Again, wealth. Lorelai lives in a huge house, drives a newer model Jeep, seemingly wants for nothing (except the ability to pay an entire year’s tuition with a single check) but we’re still left to accept that she’s undone by her parents relationship with their wealth, or at least, her mother’s. Emily makes it clear that the family has money. She passes on no opportunity to remind us. Richard is more disconnected from this sort of behavior, almost as if he earns the money that Emily spends. That might not hold up in the long term but that’s what is happening so far.

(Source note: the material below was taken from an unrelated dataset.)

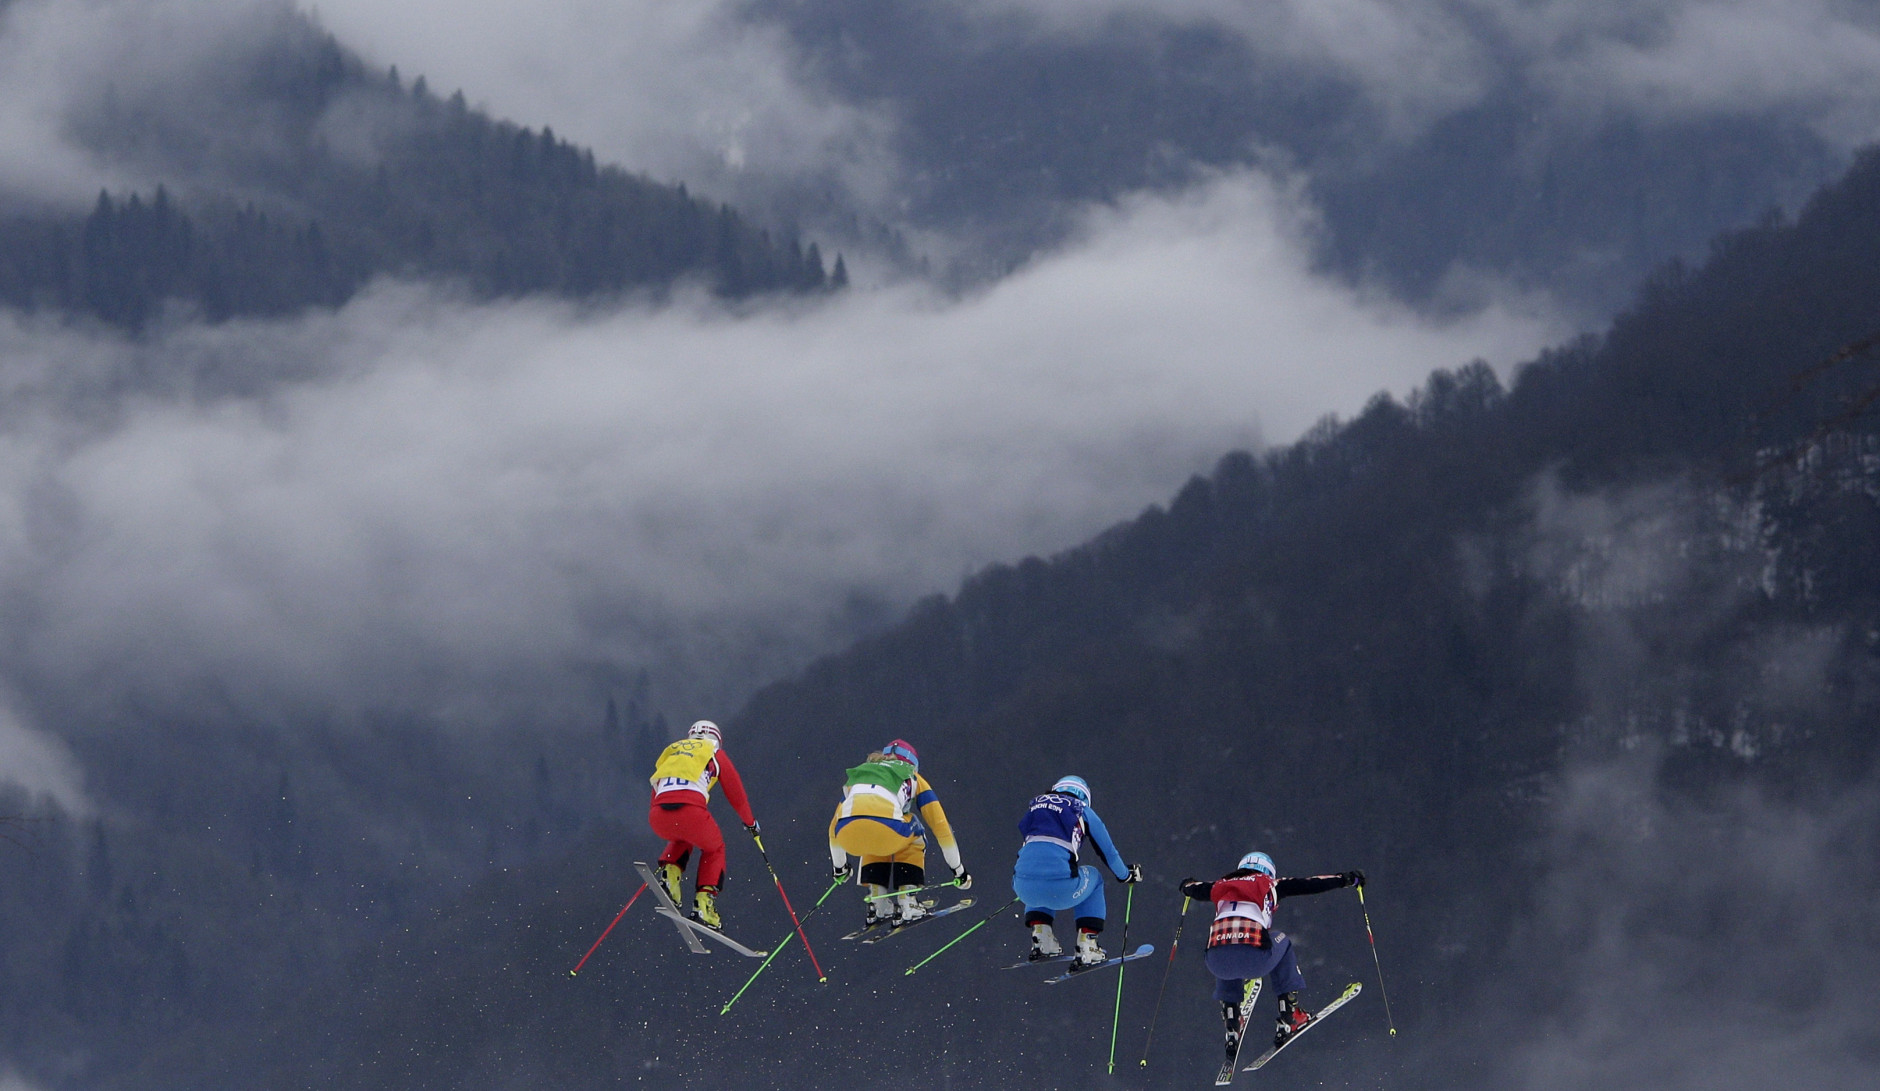 FOR USE AS DESIRED, YEAR END PHOTOS - FILE - Switzerland's Fanny Smith, from left, Sweden's Anna Holmlund, Austria's Katrin Ofner and Canada's Kelsey Serwa compete during their ski cross race at the 2014 Winter Olympics, Friday, Feb. 21, 2014, in Krasnaya Polyana, Russia. (AP Photo/Matthias Schrader, File)

Then Rory and Richard go golfing. As an avid golfer, I can confirm that having characters golf is an excellent way to communicate a character’s snobbery. Golf’s relationship to wealth is ridiculous in almost every imaginable way. Which is what makes Richard’s decision to (badly) play golf in what appears to be a public park that isn’t actually a golf course all the stranger. Let’s put it this way: if you’re going to use golf to communicate your message, you have to nail it, and save for the post-round clubhouse shots, there’s nothing about the setting and location that nails it. Literally everything is comically wrong, from the equipment used to the outfits worn to the look of the course. It’s almost as if somebody went to a golf course in 1968 and said, “Well, I’m sure it’s still exactly like that.”

Rory and Richard have fun together. Richard melts at time spent with Rory, going from a stone-faced golem to an interested grandfather, especially when Rory overhears shareable gossip from the clubhouse sauna. The two also talk about travel and Richard is taken with Rory’s idea that she and her mother will backpack around Europe after she graduates, a trip that he promises to contribute to. Their relationship happens quickly and easily almost as if both were waiting for the opportunity to like one another. It is a beautiful bit of convincing writing, the worst use of golf in the history of media notwithstanding. 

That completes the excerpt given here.